The Canaan Baptist Church in Harlem runs 16 buildings of low-income housing. They've netted city and state grants, as well as federal rent subsidies and grants used to take over building mortgages for a limited time. They've built housing for the homeless, disabled, elderly, and low-income.

"The reason we started was because the housing stock was just falling apart," says Canaan housing director Shirley Claiborne.

But Canaan's recent decisions reflect the problems that threaten even these successful church-HUD programs. After opening new housing units every several years for last two decades, Canaan's next project is a primary health-care facility. Why the switch? There is a need, Ms. Claiborne says. But there is also available funding from the state.

The 1997 federal housing budget provided for no additional rent subsidies for private landlords, nonprofit groups, or religious organizations. So, while federal grants may be available to religious organizations to build new housing, there is no new money from HUD to match the rent that low-income residents can pay. Without that money, Claiborne says, churches cannot afford to build new housing.

Yet housing experts say there's a dire need for new, low-income apartments.

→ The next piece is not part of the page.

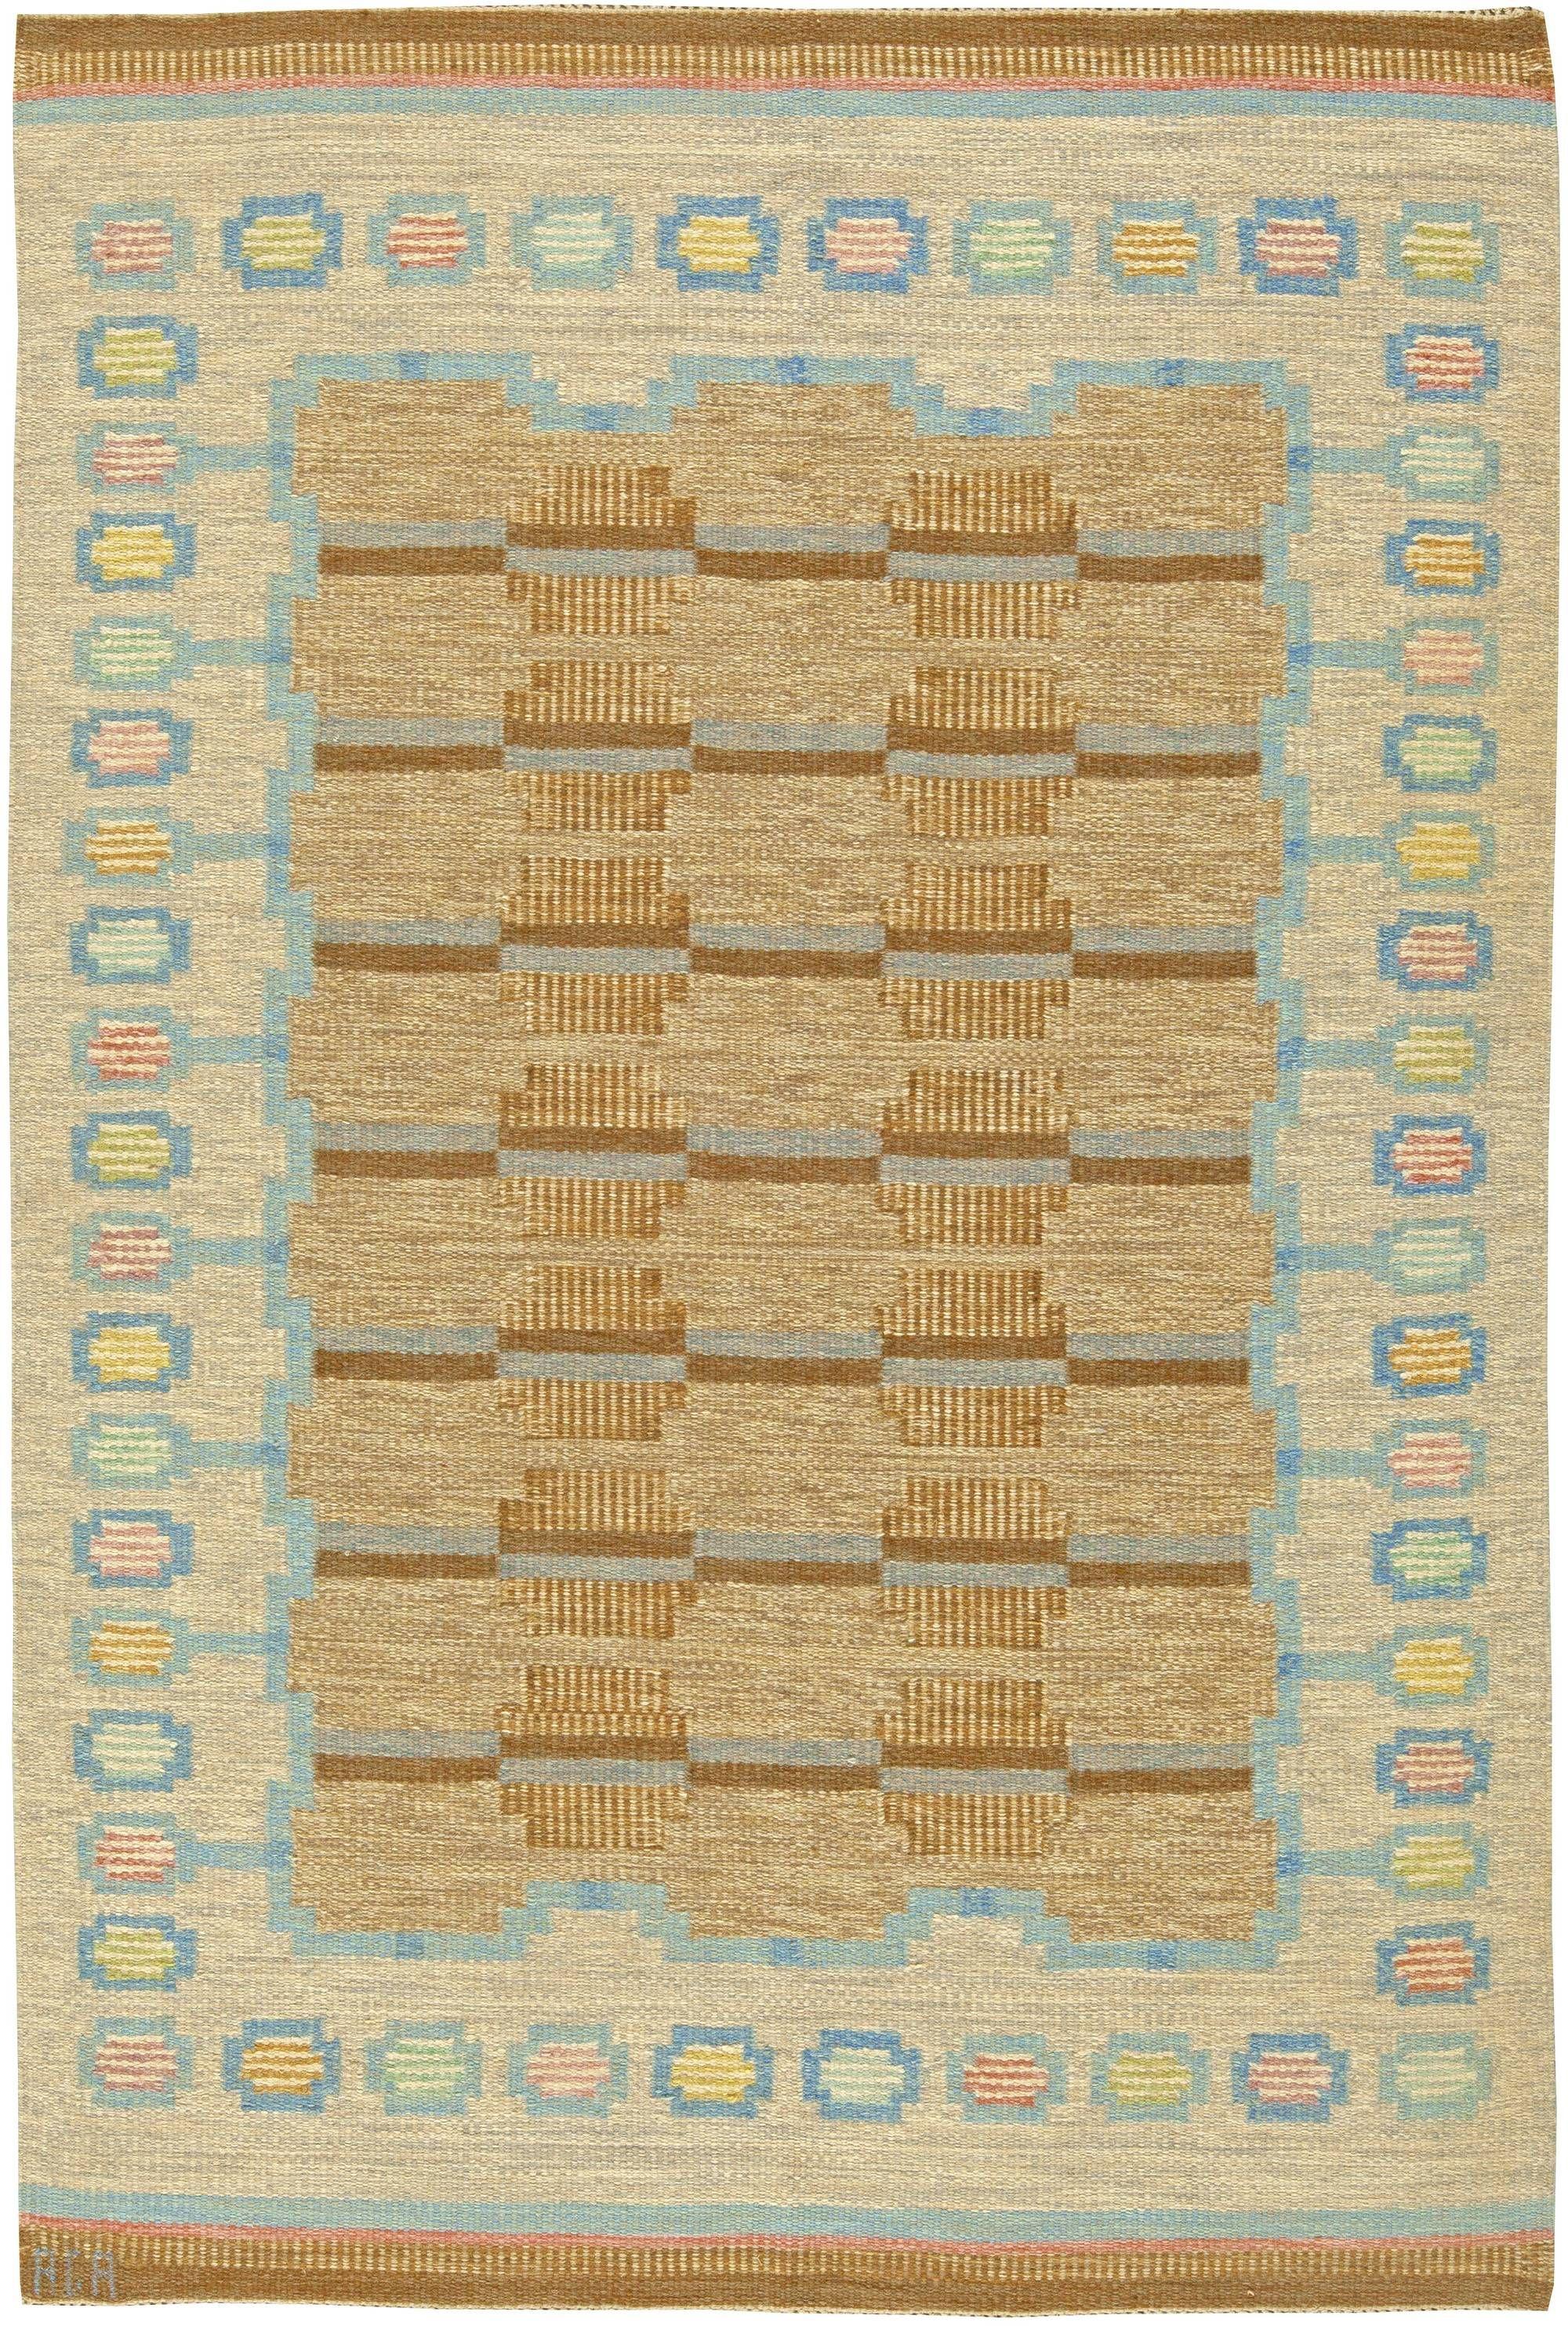 Antique Rug Antique Carpets Antique Persian Rugs Tabriz Rugs Custom Rugs Vintage Swedish Flatweave Rug Signed By Scandinavian Rug Flat Weave Rug Swedish Rug

HUD figures show that 5.3 million households of very low-income renters pay more than half their earnings for housing. "Very low income" is defined by the federal government as households that live on less than half the median income of the city or town where they are located. The number of these worst-case households grew by 1.1 million between 1978 and 1993. At the same time, HUD's budget has been cut from $25.7 billion in 1995 to $19.4 billion for 1997.

In the meantime, the larger religious organizations will keep pushing for the financial support they need from the government. Smaller churches will expand the movement. And Geraldine Fowler and the 199 other residents of the Bishop Boardman Apartments in Brooklyn will continue to enjoy the warmth and care they receive there.

"It has been very nice," says Ms. Fowler of her 10 years at the Bishop Boardman. "Everybody here has been so lovely."